17.    Special Meetings. Special meetings of the Board of Directors may be called by the Chairman or the President on one day’s notice to each director by whom such notice is not waived, given either personally or by mail, telephone, telegram, telex, facsimile or similar medium of communication, and will be called by the Chairman or the President, in like manner and on like notice, on the written request of not less than one-third of the Whole Board. Special meetings of the Board of Directors may be held at such time and place either within or without the State of Ohio as is determined by a majority of the Whole Board or specified in the notice of any such meeting.

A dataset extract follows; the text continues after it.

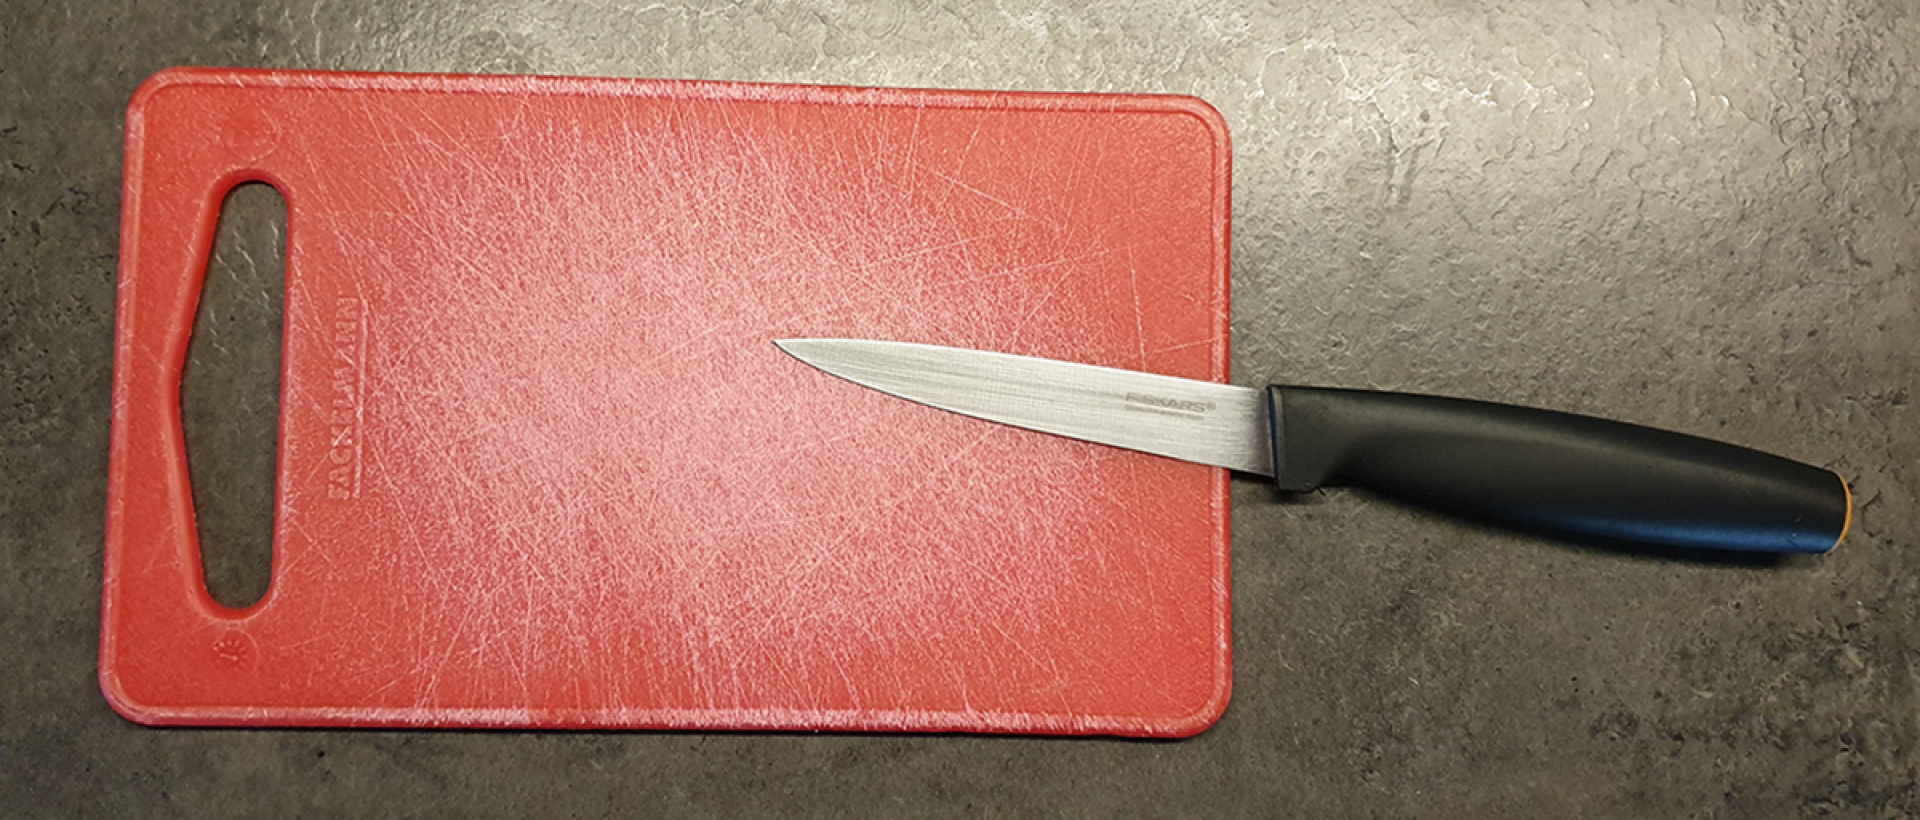 Ezeket a késeket használom minden nap a konyhámban

18.    Quorum and Vote. At all meetings of the Board of Directors, one-third of the total number of directors then in office will constitute a quorum for the transaction of business. Except for the designation of committees as hereinafter provided and except for actions required by this Code of Regulations to be taken by a majority of the Whole Board, the act of a majority of the directors present at any meeting at which a quorum is present will be the act of the Board of Directors. If a quorum is not present at any meeting of the Board of Directors, the directors present thereat may adjourn the meeting from time to time to another time or place, without notice other than announcement at the meeting, until a quorum is present.
19.    Participation in Meetings by Communications Equipment. Meetings of the Board of Directors or of any committee of the Board of Directors may be held through any means of communications equipment if all persons participating can hear each other, and such participation will constitute presence in person at such meeting.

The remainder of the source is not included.